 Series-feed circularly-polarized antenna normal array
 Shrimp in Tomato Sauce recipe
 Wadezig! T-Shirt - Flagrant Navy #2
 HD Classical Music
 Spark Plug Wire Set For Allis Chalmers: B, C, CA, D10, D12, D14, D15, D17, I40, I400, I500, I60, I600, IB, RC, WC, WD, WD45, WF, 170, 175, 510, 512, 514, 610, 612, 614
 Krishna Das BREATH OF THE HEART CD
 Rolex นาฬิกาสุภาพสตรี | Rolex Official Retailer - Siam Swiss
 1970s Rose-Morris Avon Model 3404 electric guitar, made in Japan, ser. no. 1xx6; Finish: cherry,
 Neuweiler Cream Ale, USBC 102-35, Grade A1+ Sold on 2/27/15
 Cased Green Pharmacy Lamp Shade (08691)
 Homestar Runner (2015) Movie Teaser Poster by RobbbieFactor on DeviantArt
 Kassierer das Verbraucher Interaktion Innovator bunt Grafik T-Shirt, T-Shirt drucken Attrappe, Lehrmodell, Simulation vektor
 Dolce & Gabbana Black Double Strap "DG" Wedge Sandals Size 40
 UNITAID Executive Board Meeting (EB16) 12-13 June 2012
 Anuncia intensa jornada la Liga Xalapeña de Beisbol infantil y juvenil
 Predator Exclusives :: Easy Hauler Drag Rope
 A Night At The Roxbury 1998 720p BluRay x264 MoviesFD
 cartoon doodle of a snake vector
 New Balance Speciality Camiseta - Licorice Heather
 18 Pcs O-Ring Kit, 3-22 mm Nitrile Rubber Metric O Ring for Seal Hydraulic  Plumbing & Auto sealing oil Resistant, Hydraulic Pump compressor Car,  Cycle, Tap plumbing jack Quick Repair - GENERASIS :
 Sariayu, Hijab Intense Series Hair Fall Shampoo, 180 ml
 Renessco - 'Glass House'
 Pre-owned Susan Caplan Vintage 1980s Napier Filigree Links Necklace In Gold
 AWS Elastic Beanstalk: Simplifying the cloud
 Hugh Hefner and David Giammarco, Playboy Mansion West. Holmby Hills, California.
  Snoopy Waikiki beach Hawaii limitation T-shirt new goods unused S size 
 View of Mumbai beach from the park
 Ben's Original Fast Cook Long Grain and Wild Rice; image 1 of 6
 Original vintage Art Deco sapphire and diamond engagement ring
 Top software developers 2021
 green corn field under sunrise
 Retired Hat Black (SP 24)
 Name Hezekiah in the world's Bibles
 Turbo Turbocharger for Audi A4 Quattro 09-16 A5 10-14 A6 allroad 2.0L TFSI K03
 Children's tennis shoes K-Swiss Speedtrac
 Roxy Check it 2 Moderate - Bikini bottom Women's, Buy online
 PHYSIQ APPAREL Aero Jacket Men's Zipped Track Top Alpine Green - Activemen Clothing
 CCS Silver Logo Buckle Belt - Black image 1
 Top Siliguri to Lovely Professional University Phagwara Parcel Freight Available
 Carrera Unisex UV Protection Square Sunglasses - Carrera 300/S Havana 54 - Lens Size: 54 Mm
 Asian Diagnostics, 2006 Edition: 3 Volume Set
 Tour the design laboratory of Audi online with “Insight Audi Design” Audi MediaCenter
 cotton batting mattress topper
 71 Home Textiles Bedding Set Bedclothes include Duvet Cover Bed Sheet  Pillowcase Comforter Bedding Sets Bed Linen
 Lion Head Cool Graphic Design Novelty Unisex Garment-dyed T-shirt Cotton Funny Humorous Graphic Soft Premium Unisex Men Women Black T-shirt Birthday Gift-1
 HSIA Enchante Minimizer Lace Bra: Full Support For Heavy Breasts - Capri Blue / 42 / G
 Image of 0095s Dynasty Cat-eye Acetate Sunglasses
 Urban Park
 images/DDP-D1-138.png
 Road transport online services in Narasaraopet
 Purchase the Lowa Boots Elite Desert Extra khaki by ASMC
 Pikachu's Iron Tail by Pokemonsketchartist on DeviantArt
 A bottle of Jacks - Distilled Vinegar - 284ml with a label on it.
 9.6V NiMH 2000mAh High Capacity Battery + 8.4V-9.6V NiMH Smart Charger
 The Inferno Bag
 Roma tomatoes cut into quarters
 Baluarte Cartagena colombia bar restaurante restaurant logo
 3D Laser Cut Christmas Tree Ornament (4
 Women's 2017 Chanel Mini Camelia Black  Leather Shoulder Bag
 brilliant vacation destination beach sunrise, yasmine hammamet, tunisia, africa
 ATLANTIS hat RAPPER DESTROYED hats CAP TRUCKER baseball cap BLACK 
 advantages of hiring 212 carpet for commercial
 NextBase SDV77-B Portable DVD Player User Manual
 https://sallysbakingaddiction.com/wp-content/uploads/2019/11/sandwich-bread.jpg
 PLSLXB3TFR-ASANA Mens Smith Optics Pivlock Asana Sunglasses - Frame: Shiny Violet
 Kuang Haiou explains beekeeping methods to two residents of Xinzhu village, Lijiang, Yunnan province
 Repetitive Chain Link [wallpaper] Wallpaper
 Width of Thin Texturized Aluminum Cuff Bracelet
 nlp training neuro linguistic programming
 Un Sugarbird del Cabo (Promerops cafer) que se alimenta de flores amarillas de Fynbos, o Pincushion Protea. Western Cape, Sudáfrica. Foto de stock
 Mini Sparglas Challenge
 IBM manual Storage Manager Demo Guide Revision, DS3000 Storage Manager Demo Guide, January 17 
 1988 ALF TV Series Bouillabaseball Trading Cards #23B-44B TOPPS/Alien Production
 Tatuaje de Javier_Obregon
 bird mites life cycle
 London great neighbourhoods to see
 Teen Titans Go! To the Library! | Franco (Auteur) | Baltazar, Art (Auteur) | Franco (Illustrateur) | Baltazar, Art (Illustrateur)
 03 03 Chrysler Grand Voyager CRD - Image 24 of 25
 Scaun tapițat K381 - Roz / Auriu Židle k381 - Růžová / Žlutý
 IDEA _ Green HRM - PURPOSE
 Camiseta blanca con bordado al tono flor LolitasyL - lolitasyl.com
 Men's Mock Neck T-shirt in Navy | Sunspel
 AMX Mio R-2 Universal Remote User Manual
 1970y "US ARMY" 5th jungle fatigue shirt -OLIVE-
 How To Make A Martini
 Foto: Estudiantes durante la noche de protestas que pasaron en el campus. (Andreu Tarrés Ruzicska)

_ _ _ _ _ _ _

* _DIRECTIONS_: Copy out every line from the data above that has "User" in it.

* _FINISHED EXERCISE_:
 NextBase SDV77-B Portable DVD Player User Manual
 AMX Mio R-2 Universal Remote User Manual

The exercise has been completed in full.